По ощущениям, по меньшей мере час – хотя объективно, думаю, не более пятнадцати-двадцати минут – я поглаживал траву. Провел по ней пальцами, сорвал несколько травинок и развеял их по ветру, развернул отдельные стебельки к солнцу, а затем с откровенно нелепой тщательностью начал их рассматривать. Я получал эстетическое удовольствие от этого и даже почувствовал, что вполне мог бы войти в состояние осознанной восприимчивости. Вдруг я ощутил себя персонажем фильма Терренса Малика[89]
, который неспешно наслаждается деталями природы, культивируя в момент полного покоя и тишины тихий эстетический восторг, граничащий с духовным. Но затем, конечно же, мне пришло в голову, что персонаж фильма Терренса Малика никогда не будет думать о себе как о персонаже фильма. Я был, как мне казалось, персонажем телевизионной рекламы, режиссер которой бесстыдно, до плагиата, был под влиянием Малика. Мой же опыт был дешевой имитацией подлинно интимного опыта общения с природой, который можно было увидеть в фильме Малика. До работ этого режиссера у меня, если уж честно, никогда не доходили руки.По мере того как день клонился к вечеру, самосознание постепенно отступало, и я начинал смотреть на вещи – на колыхание травы на ветру, на отблески солнечного света на реке – не как на свидетельство моего единения с природой. В течение нескольких минут я наблюдал, как крошечный паук, время от времени замирая, блуждал по странице моего блокнота, прежде чем в конце концов протиснуться в маленький складной бумажный кармашек на задней обложке. Мне пришлось выуживать его с помощью кремового вкладыша, который лежал в этом же кармашке, после чего я рефлекторно начал читать его. Так я узнал о том, что мой блокнот был наследником и преемником легендарной линейки писчебумажных принадлежностей, любимой такими гигантами культуры девятнадцатого и двадцатого веков, как Пабло Пикассо, Эрнест Хемингуэй и Брюс Чатвин[90]
. Согласно вкладышу именно Чатвин, особенно одержимый поклонник маленькой черной записной книжки, дал ей имя «Молескин». Для меня Чатвин был обладателем писательской манеры стильной суровости, а потому я задался вопросом, не стану ли я, подобно тому как мой блокнот был наследником и преемником легендарной любимой Чатвином канцелярской линии и учитывая тот вид литературных упражнений, которыми я в настоящее время был увлечен, когда-нибудь наследником и преемником Чатвина.
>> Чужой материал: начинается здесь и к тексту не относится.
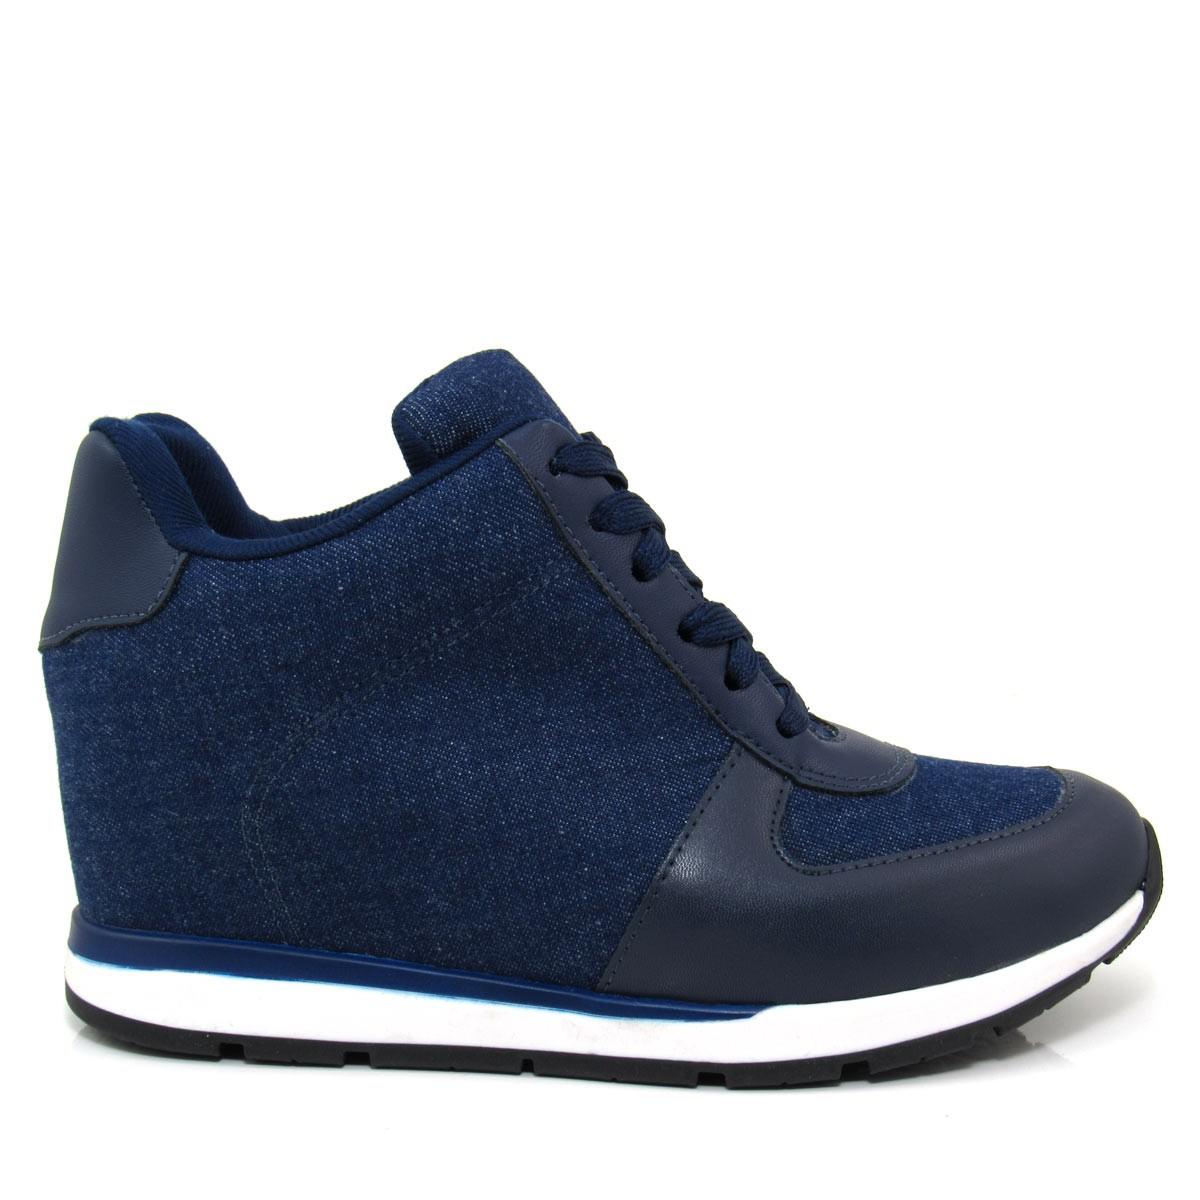 25b7916674d Tênis Sneaker Feminino Vizzano 1226102 Jeans Coleção 2018
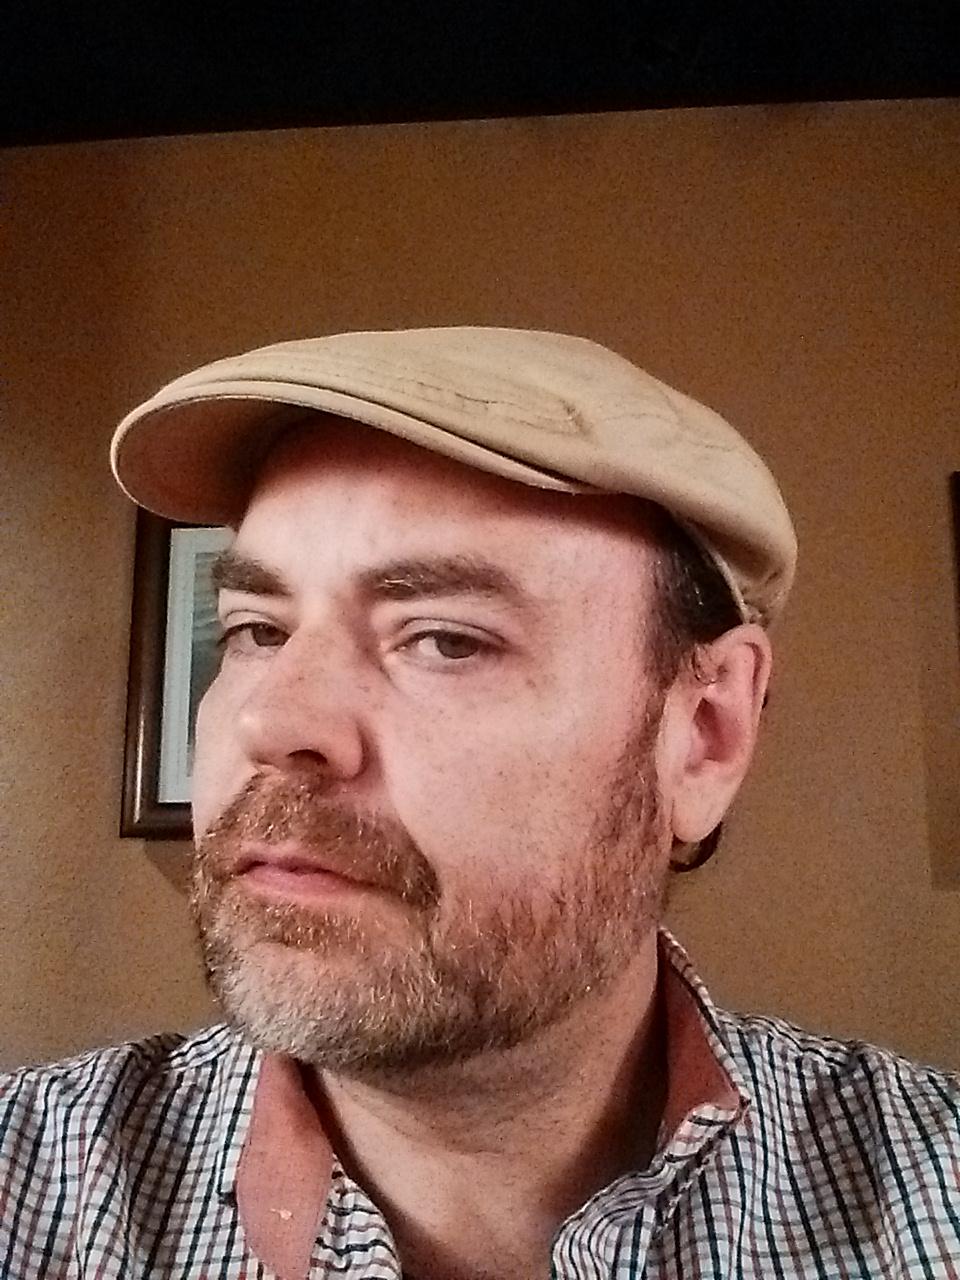 E. L. Fortner to Return for DerpyCon 2016

Если честно, его труды я никогда не читал, но представлял его, возможно даже правильно, писателем, который отправляется в дикую природу в одиночестве, одетый в стильную и одновременно практичную одежду с множеством карманов для записных книжек и других полезных вещиц, чтобы затем вернуться и изложить все это в прозе, которая была такой же стильной и практичной, как и его одежда.В этот момент я был возвращен в настоящее, за пределы которого ненадолго вышел или мне показалось, что вышел. Мое возвращение было опосредовано чтением высококлассной рекламной листовки, то есть тем, что бросало вызов идее соло, согласно которой ничто не должно стоять между мной и глубоким и подлинным переживанием природы.
Внезапно и неожиданно сильно меня охватило чувство собственной нелепости. Стало вдруг совсем непонятно, что я делаю здесь, часами высиживая на берегу реки в отдаленной шотландской глуши, созерцая природу и осознавая свое место в ней как человека. Это было не так уж плохо; на самом деле все, наверное, было даже прекрасно. Но по факту то, что я сидел здесь и пытался все это обдумать, было провалом. Я посмотрел на восток, на долину – хотя, возможно, и на запад, так как не знал, где нахожусь, ни в прямом, ни в переносном смысле, – в общем, на гору, куда, по словам Пола Кингснорта, он отправился для своего соло. Интересно, что он делает там, наверху, на своей в буквальном смысле темной горе? Я подумал, что он не стал бы читать маленькую листовку-вкладыш к своему блокноту «Молескин», сравнивая себя с Брюсом Чатвином, с творчеством которого он почти наверняка был знаком. Скорее всего, у него и «Молескина»-то нет. Я представил себе, как он часами медитирует. Представил, как он вырезает грубый духовой инструмент из куска дерева, подобранного им в траве возле палатки. Представил, что у него даже нет палатки и он спит под открытым небом. Представил, как он получает из эфира глубокие озарения о наших апокалиптических днях, о днях наших бед, которые к тому времени, как он спустится с горы на следующий день, преобразятся в искусно сплетенные истории. Их он и расскажет всем с большим мастерством и убежденностью. Я попытался представить себе, какого рода озарения он мог бы переживать, но в отчаянной попытке спроецировать на себя самого Кингснорта не смог вообразить вообще ничего, потому что такие озарения были, по-видимому, далеко за пределами моей способности воображать.